What is being asked:
Leave the images out. Give every line below again, precisely.

Data excerpt:
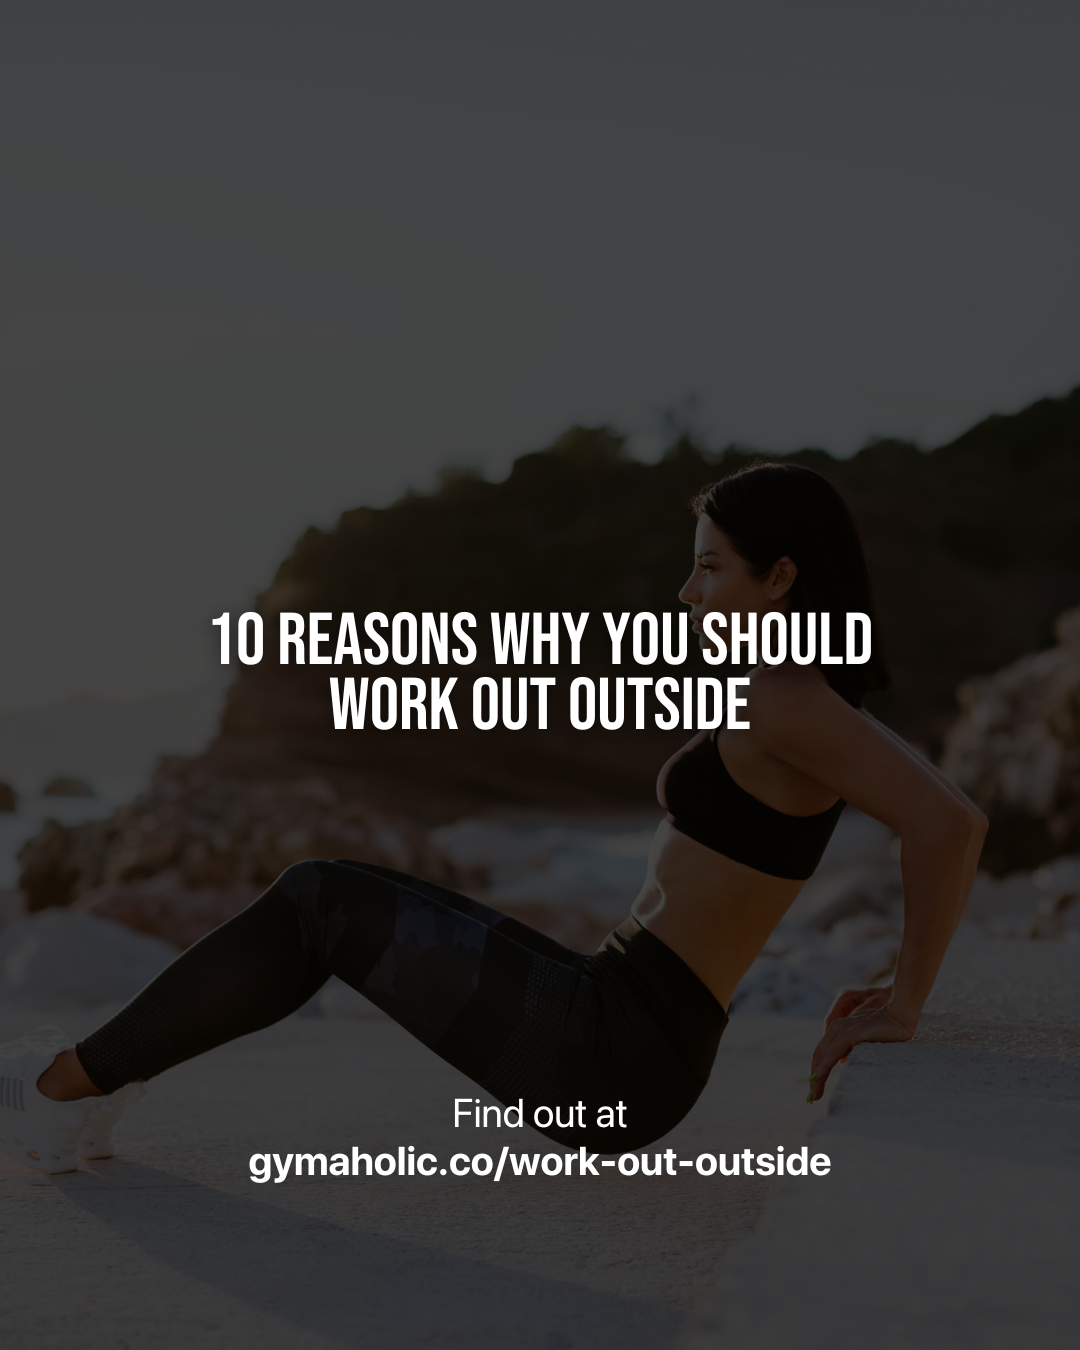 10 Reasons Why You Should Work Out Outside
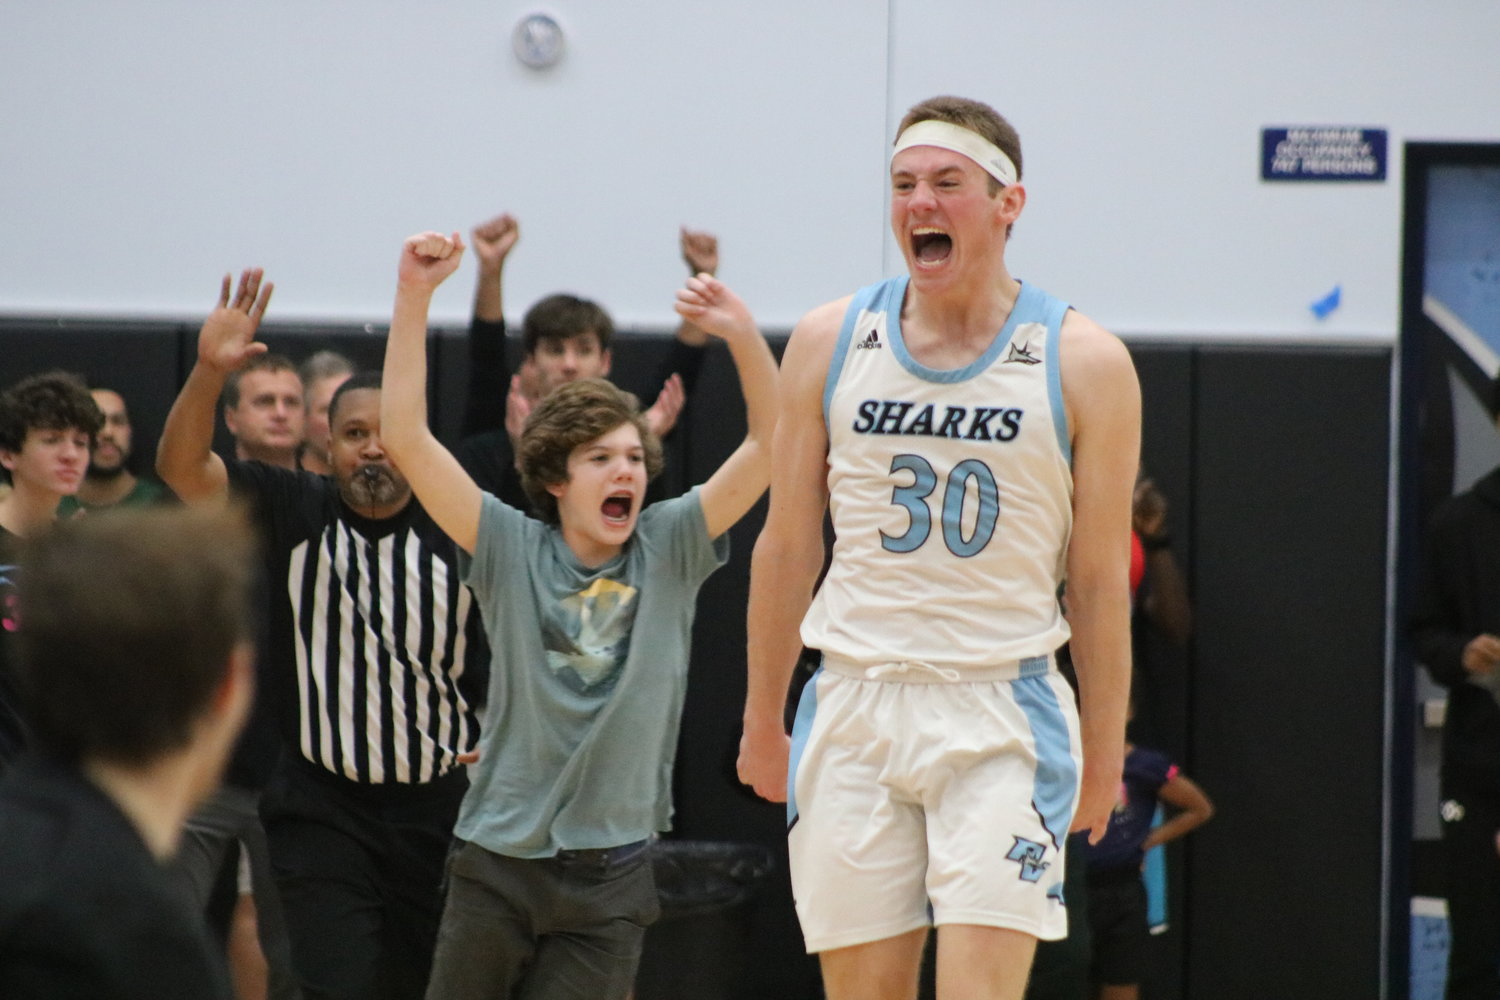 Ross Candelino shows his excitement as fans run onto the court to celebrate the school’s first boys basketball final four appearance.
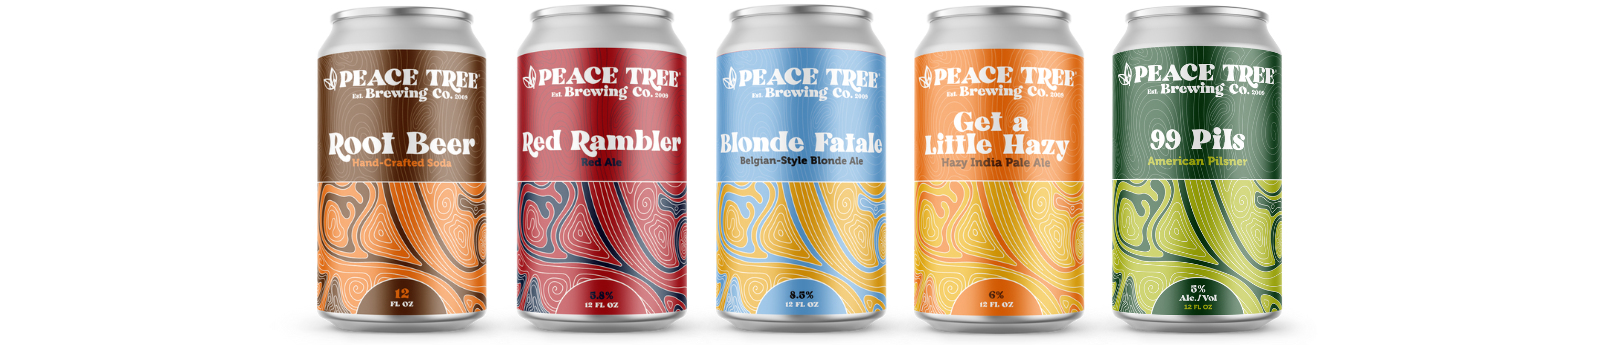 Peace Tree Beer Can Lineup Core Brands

Solution:
 10 Reasons Why You Should Work Out Outside
 Ross Candelino shows his excitement as fans run onto the court to celebrate the school’s first boys basketball final four appearance.
 Peace Tree Beer Can Lineup Core Brands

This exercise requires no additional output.